Question

How many years will it take for an initial investment of $10,000 to grow to $25,000? Assume a rate of interest of 3% compounded daily.

Answer 1

The formula for compounded interest is the following:

`A=P(1+(r)/(n))^(nt)`

Where A is the final amount, P is the principal, the initial investment, r is the annual rate of interest, n is how many times it is compounded per year and t is the time in years.

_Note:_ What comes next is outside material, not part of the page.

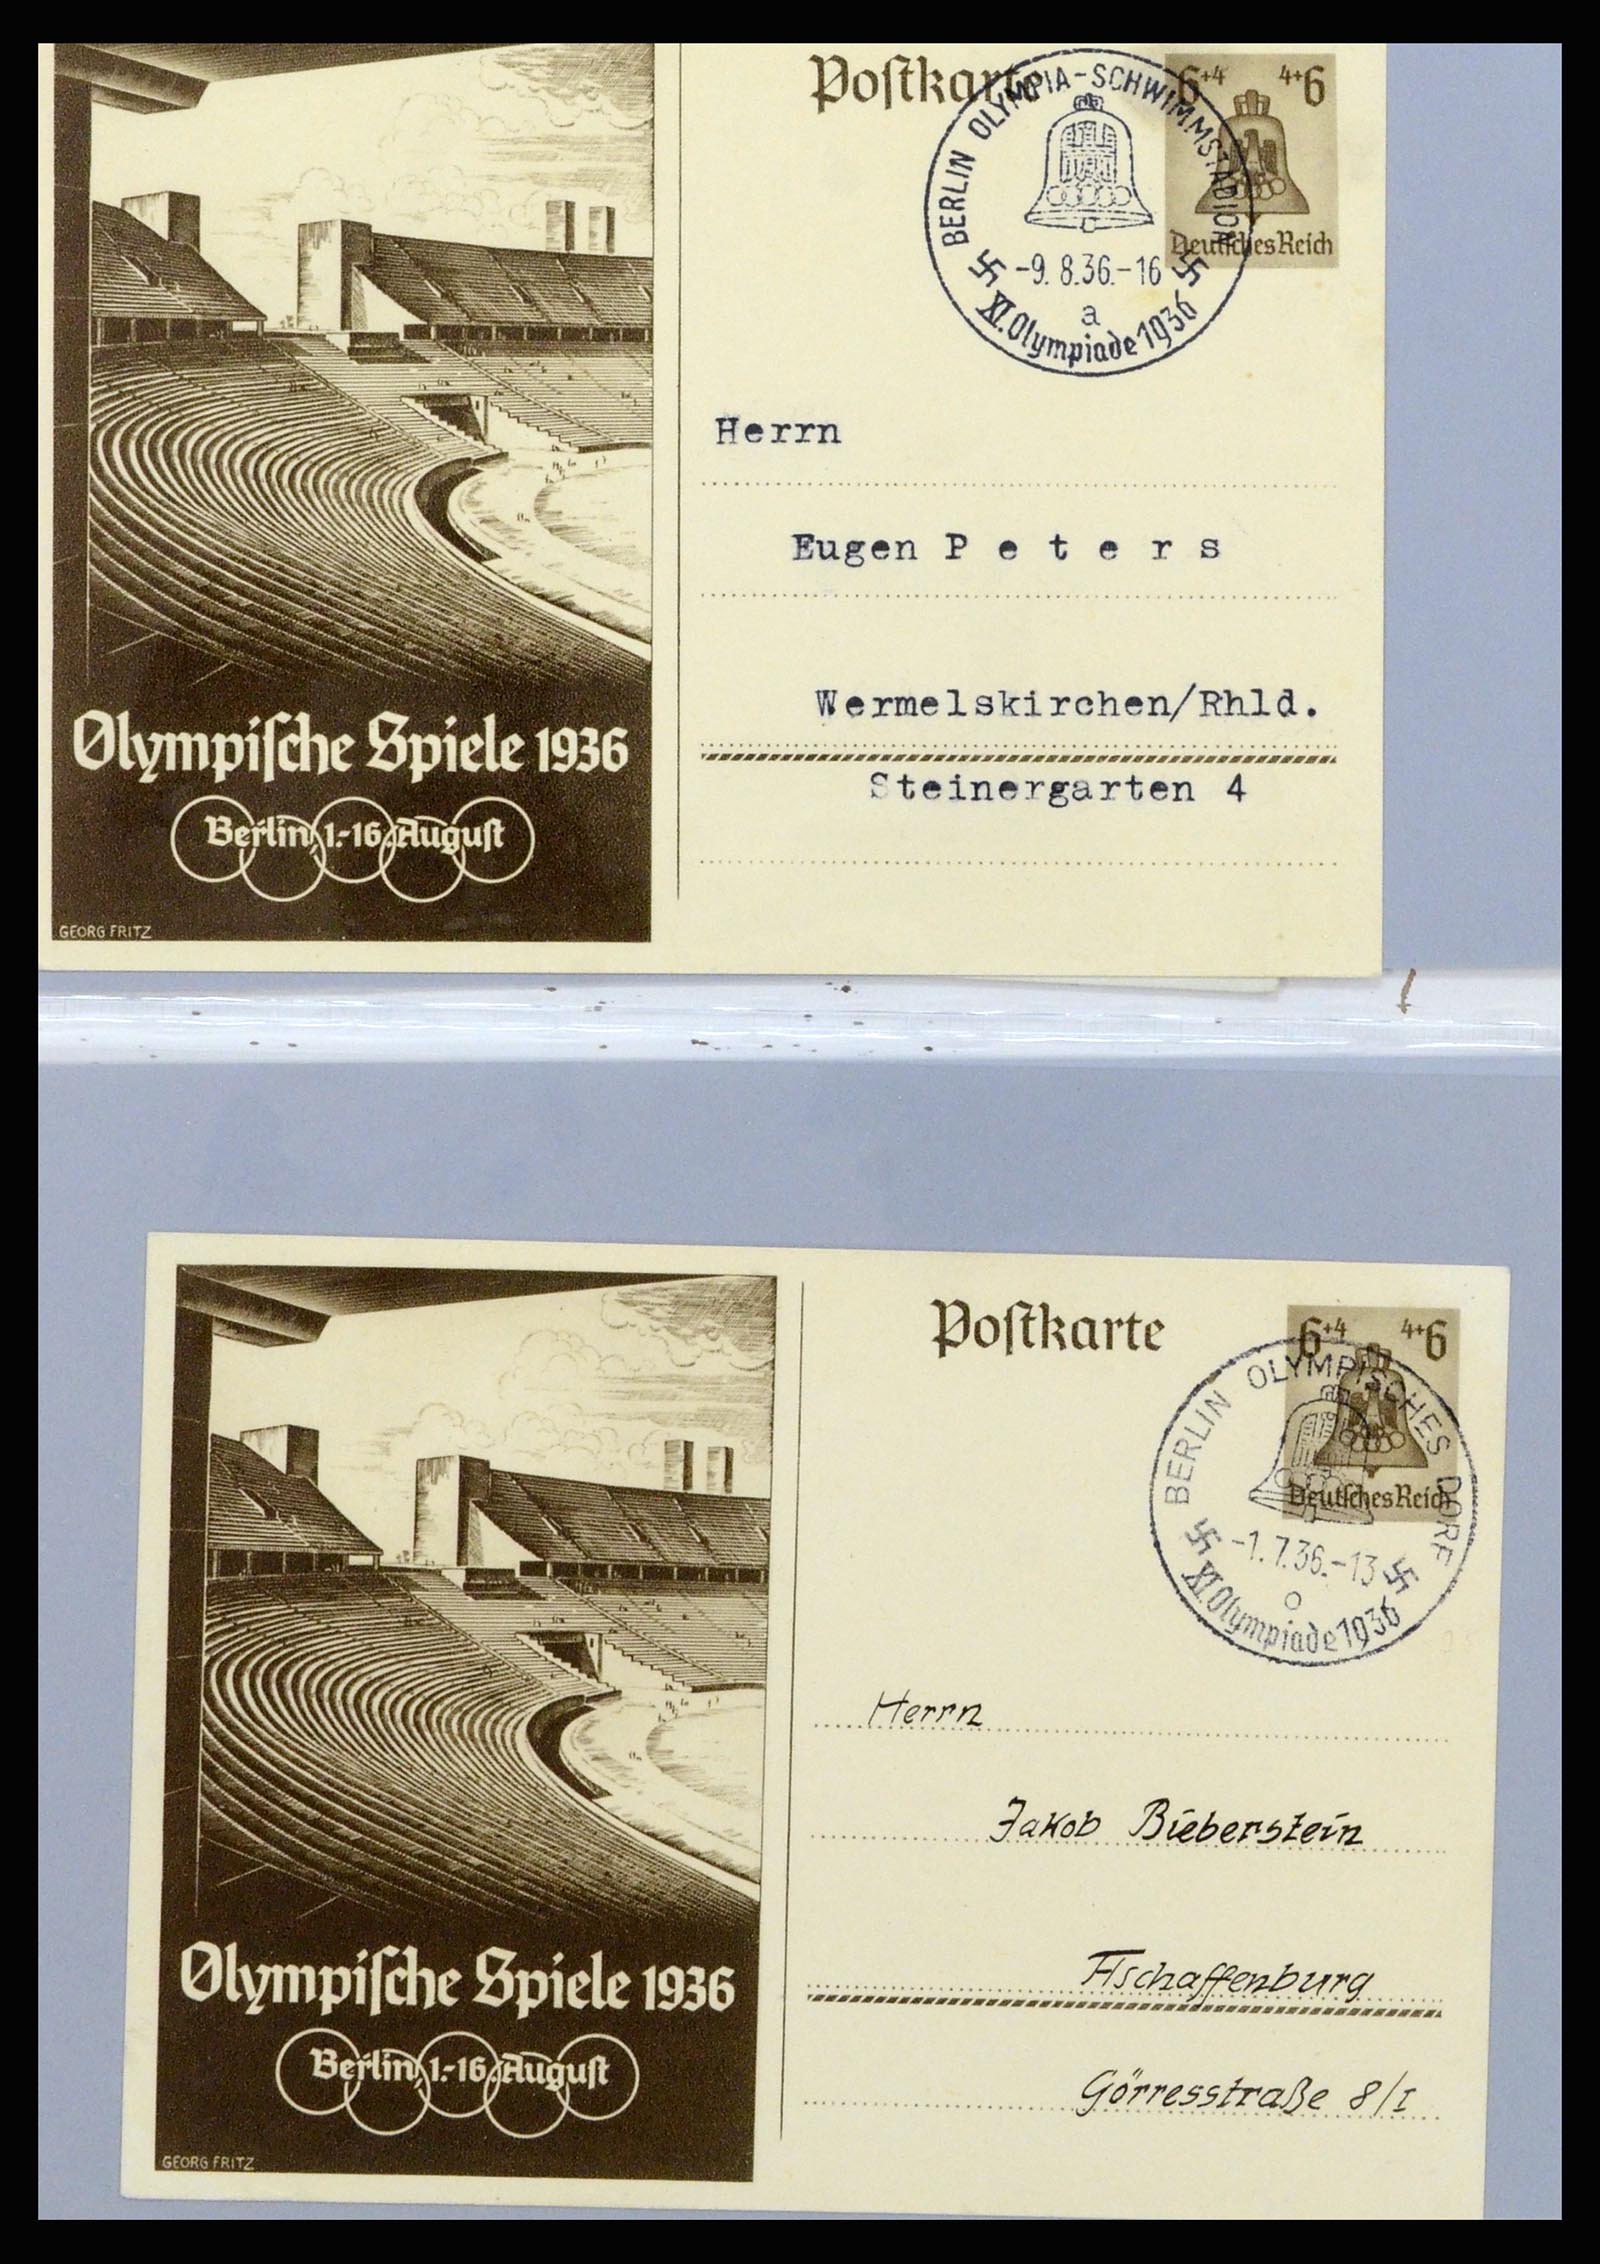 37118 062 - Stamp collection 37118 Olympics 1936.

So, assuming the given rate of interest is annual, we have:

`\begin{gathered} A=25000 \\ P=10000 \\ r=3\%=0.03 \\ n=365 \\ t=? \end{gathered}`

Where we got n = 365 because it is compounded daily and there are 365 days in an year.

So let's start by solving for t:

`\begin{gathered} A=P(1+(r)/(n))^(nt) \\ (A)/(P)=(1+(r)/(n))^(nt) \\ \log (A)/(P)=\log (1+(r)/(n))^(nt) \\ \log (A)/(P)=nt\log (1+(r)/(n)) \\ (\log(A)/(P))/(n\log(1+(r)/(n)))=t \\ t=(\log(A)/(P))/(n\log(1+(r)/(n))) \end{gathered}`

Where the log base can be anyone, but it has to be the sme for both log.

Let's calculate the numerator and denominator separately first, using base 10:

`\log _{}(A)/(P)=\log (25000)/(10000)=_{}\log 2.5=0.39794\ldots`
`\begin{gathered} n\log (1+(r)/(n))=365\log (1+(0.03)/(365))=365\log (1+0.0000821918\ldots)= \\ =365\log (1.0000821918\ldots)=365\cdot0.000035694\ldots=0.013028\ldots \end{gathered}`

Putting them together, we have:

`t=(\log(A)/(P))/(n\log(1+(r)/(n)))=(0.39794\ldots)/(0.013028\ldots.)=30.54\ldots\approx31`

So, it will take between 30 and 31 years, closer to 31 years for it to grow to $25,000.